All conjunctions of literals and all disjunctions of literals are in CNF, as they can be seen as conjunctions of one-literal clauses and conjunctions of a single clause, respectively. As in the disjunctive normal form (DNF), the only propositional connectives a formula in CNF can contain are and, or, and not. The not operator can only be used as part of a literal, which means that it can only precede a propositional variable.

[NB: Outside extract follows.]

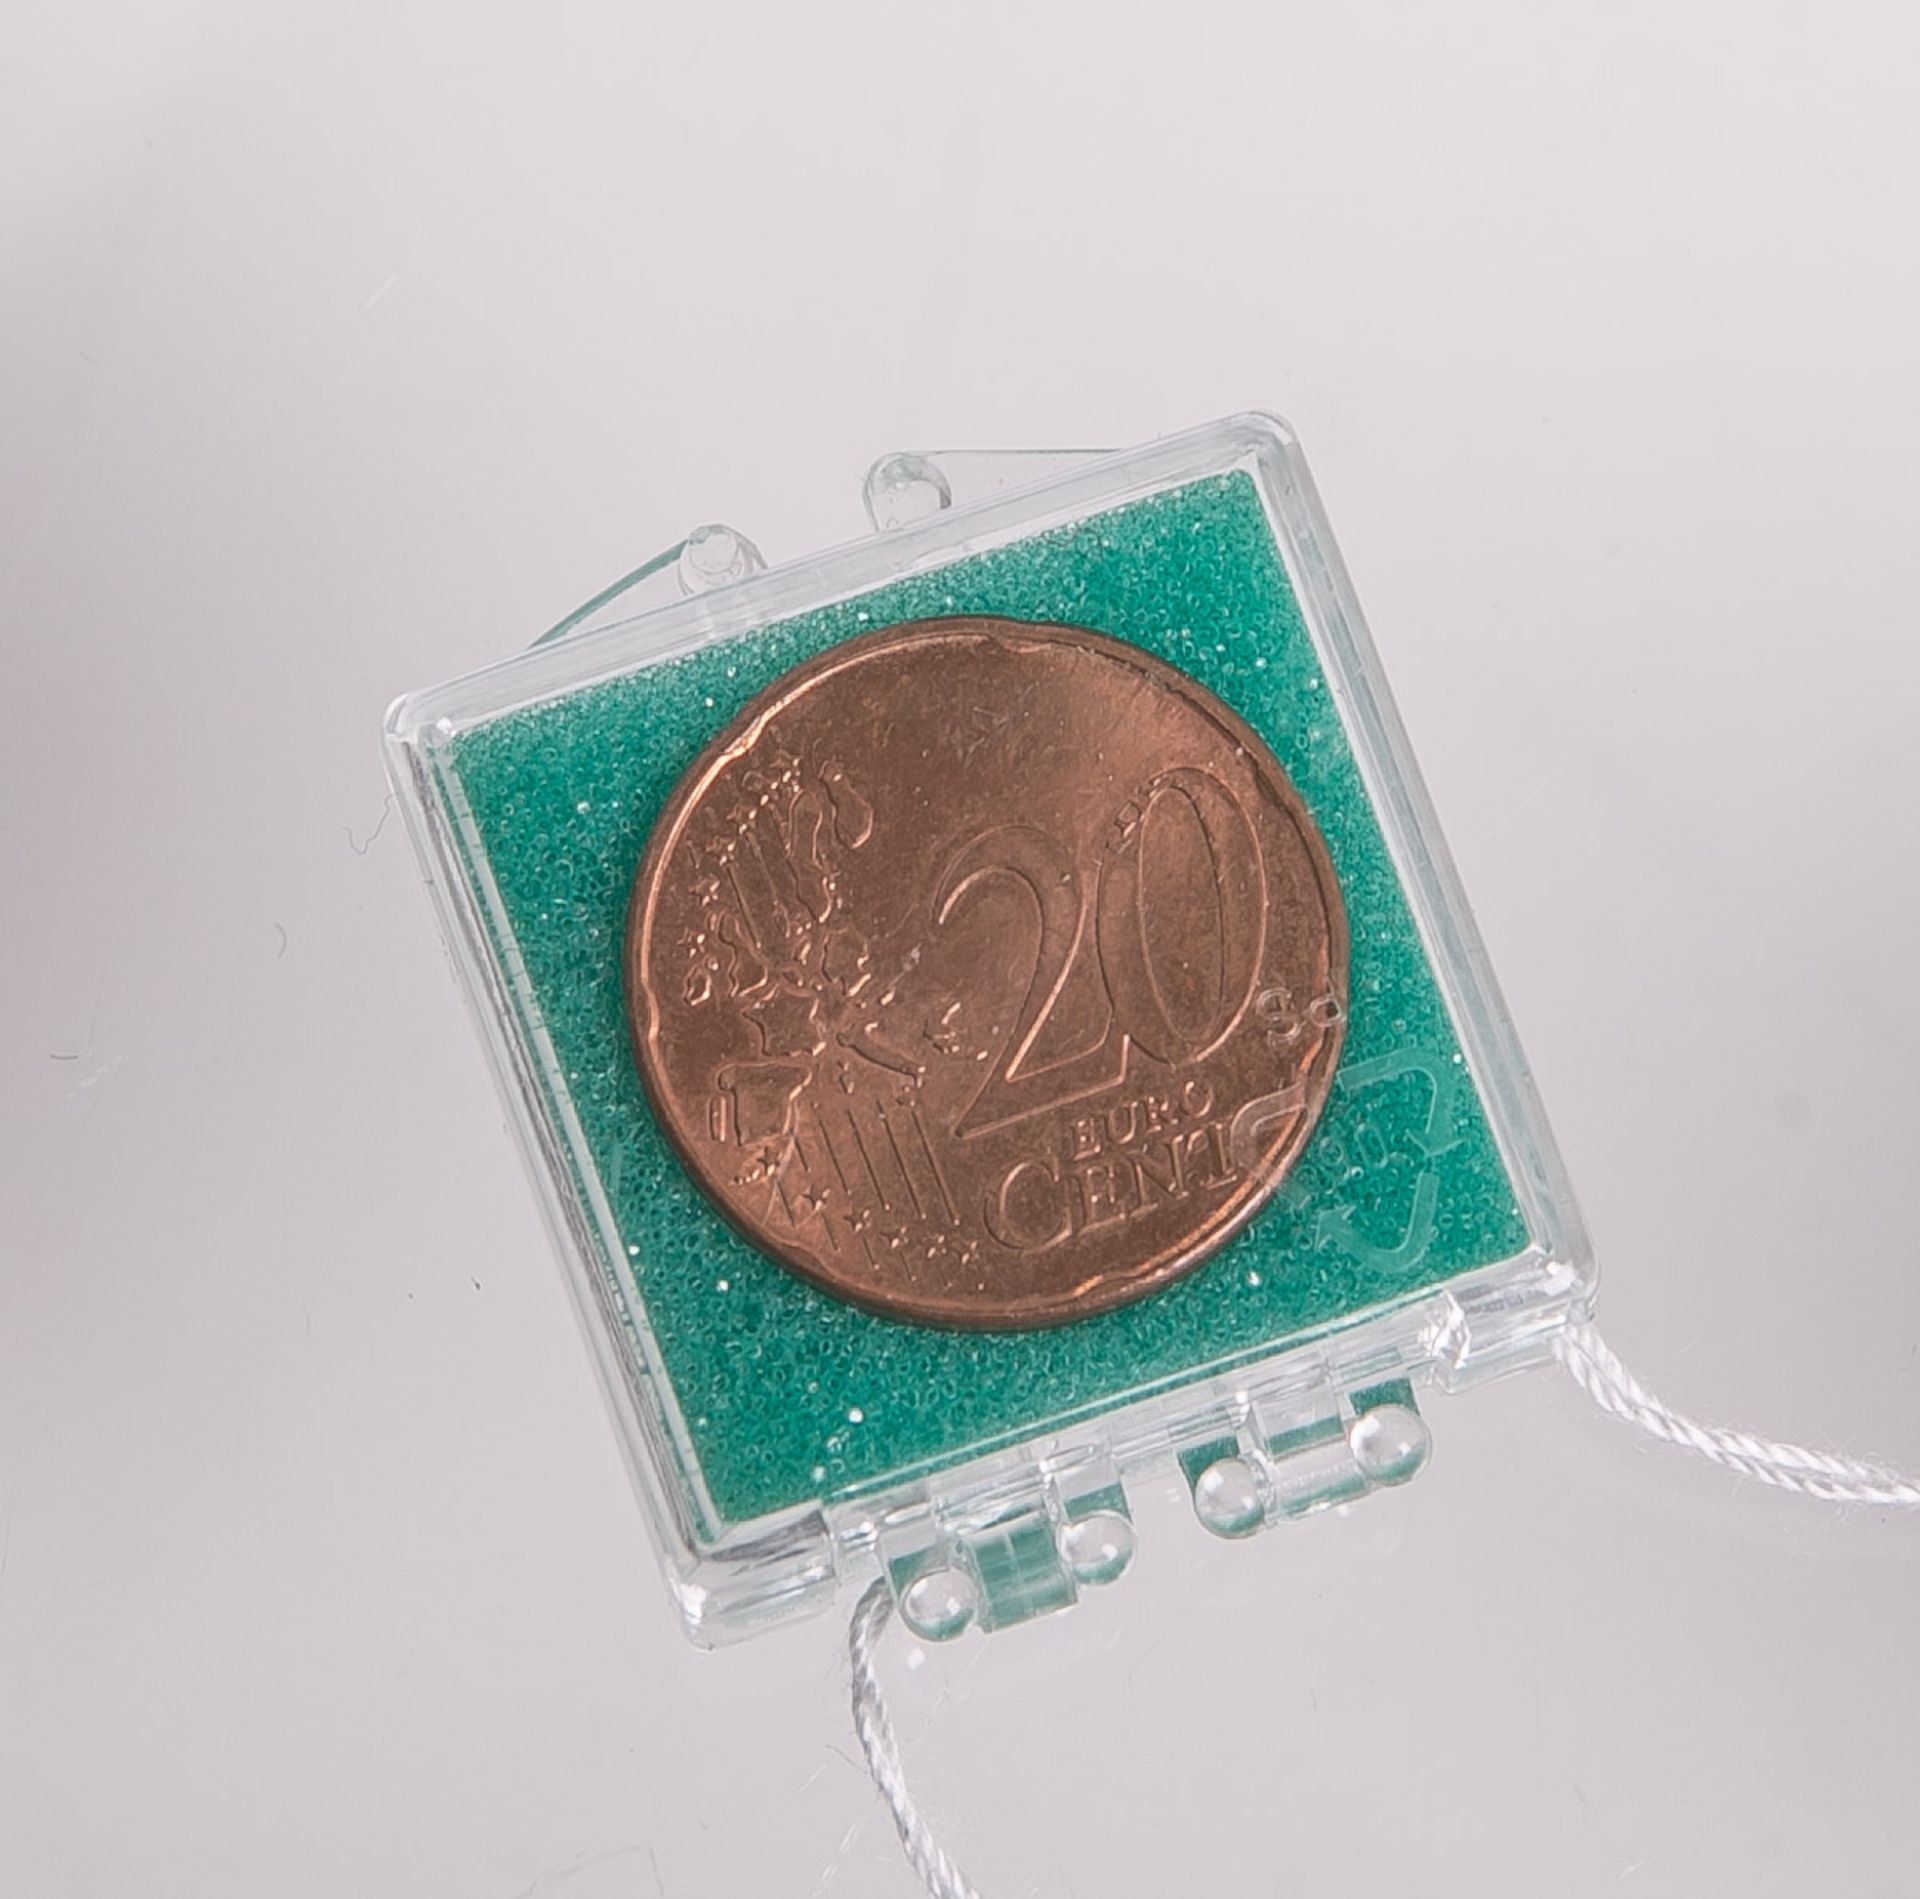 Fehlprägung 20 Cent / Euro (2006, F)

For example, all of the following formulas are in CNF:

$A \wedge B$

$\neg A \wedge (B \vee C)$

$(A \vee B) \wedge (\neg B \vee C \vee \neg D) \wedge (D \vee \neg E)$

$(\neg B \vee C).$

But the following are not:

$\neg (B \vee C)$

$(A \wedge B) \vee C$

$A \wedge (B \vee (D \wedge E)).$

The above three formulas are respectively equivalent to the following three formulas that are in conjunctive normal form:

$\neg B \wedge \neg C$

$(A \vee C) \wedge (B \vee C)$

$A \wedge (B \vee D) \wedge (B \vee E).$

Every propositional formula can be converted into an equivalent formula that is in CNF. This transformation is based on rules about logical equivalences: the Double Negative Law, the De Morgan's laws, and the distributive Law.

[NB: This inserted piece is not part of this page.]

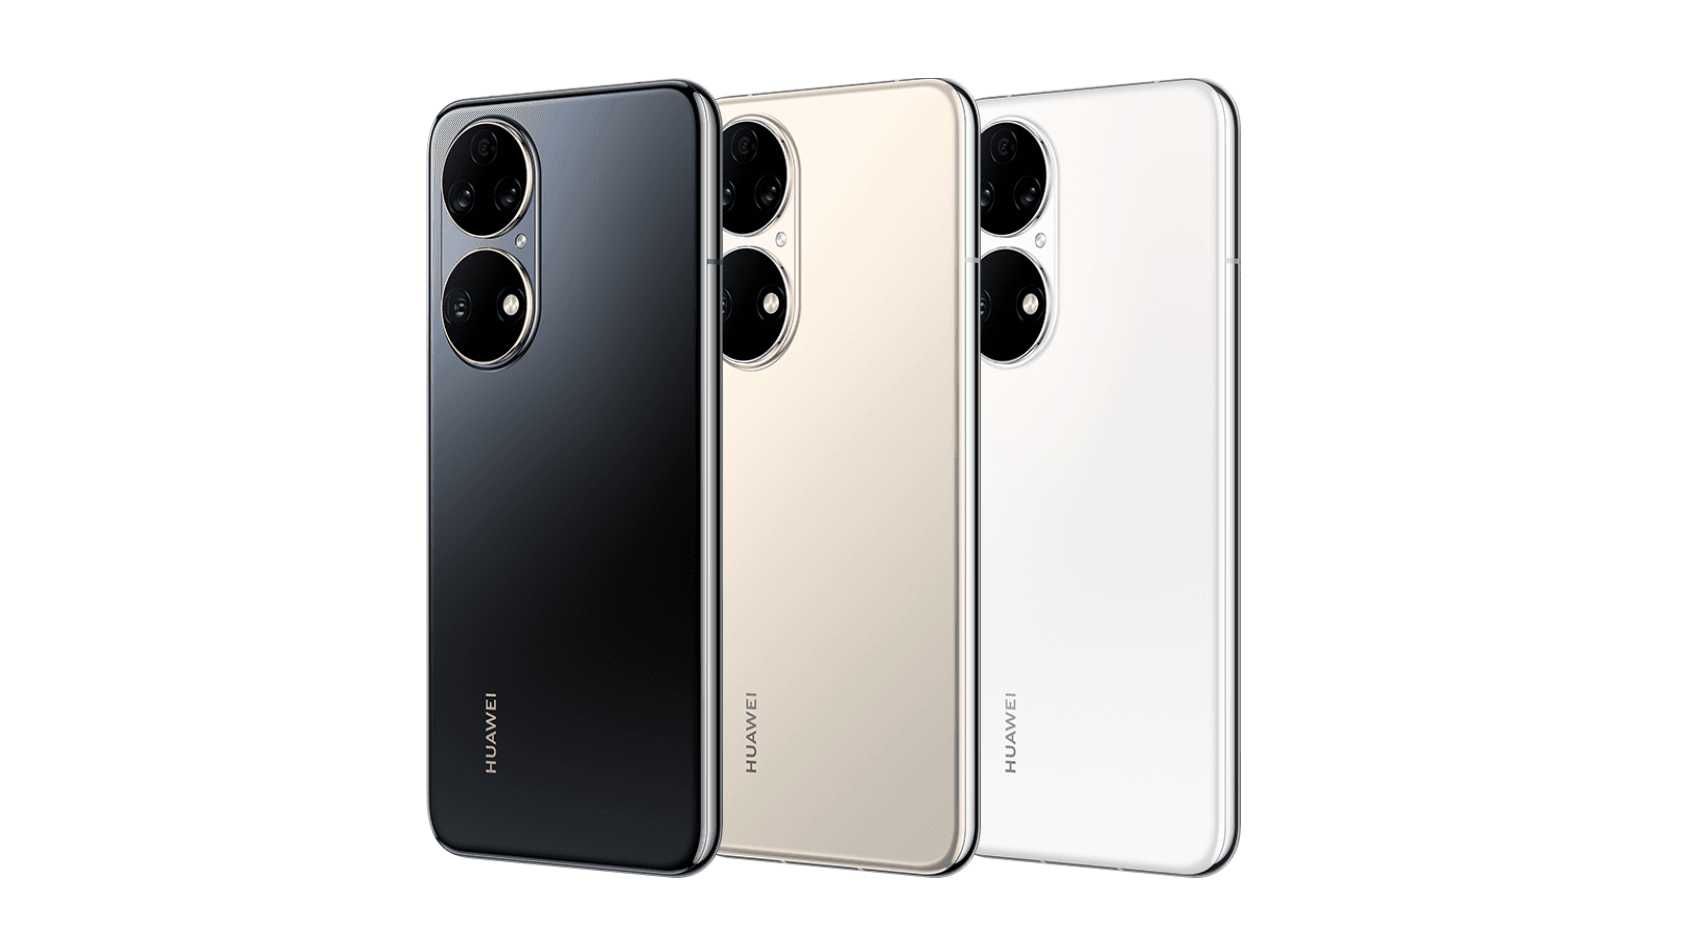 Huawei P50 phones

Since all logical formulas can be converted into an equivalent formula in conjunctive normal form, proofs are often based on the assumption that all formulae are CNF. However, in some cases this conversion to CNF can lead to an exponential explosion of the formula. For example, translating the following non-CNF formula in CNF produces a formula with $2 n$ clauses:

$(X_1 \wedge Y_1) \vee (X_2 \wedge Y_2) \vee \dots \vee (X_n \wedge Y_n).$

Transformations of formulae in CNF preserving satisfiability rather than equivalence and not producing an exponential increase of size exist. These transformations are guaranteed to only linearly increase the size of the formula, but introduce new variables.

Conjunctive normal form can be taken further to yield the clausal normal form of a logical formula, that is used to perform first-order resolution.

An important set of problems in computational complexity involves finding assignments to the variables of a boolean formula expressed in Conjunctive Normal Form, such that the formula is true. The k-SAT problem is the problem of finding a satisfying assignment to a boolean formula expressed in CNF such that each disjunction contains at most k variables. 3-SAT is NP-complete (like any other k-SAT problem with k>2) while 2-SAT can be solved in polynomial time.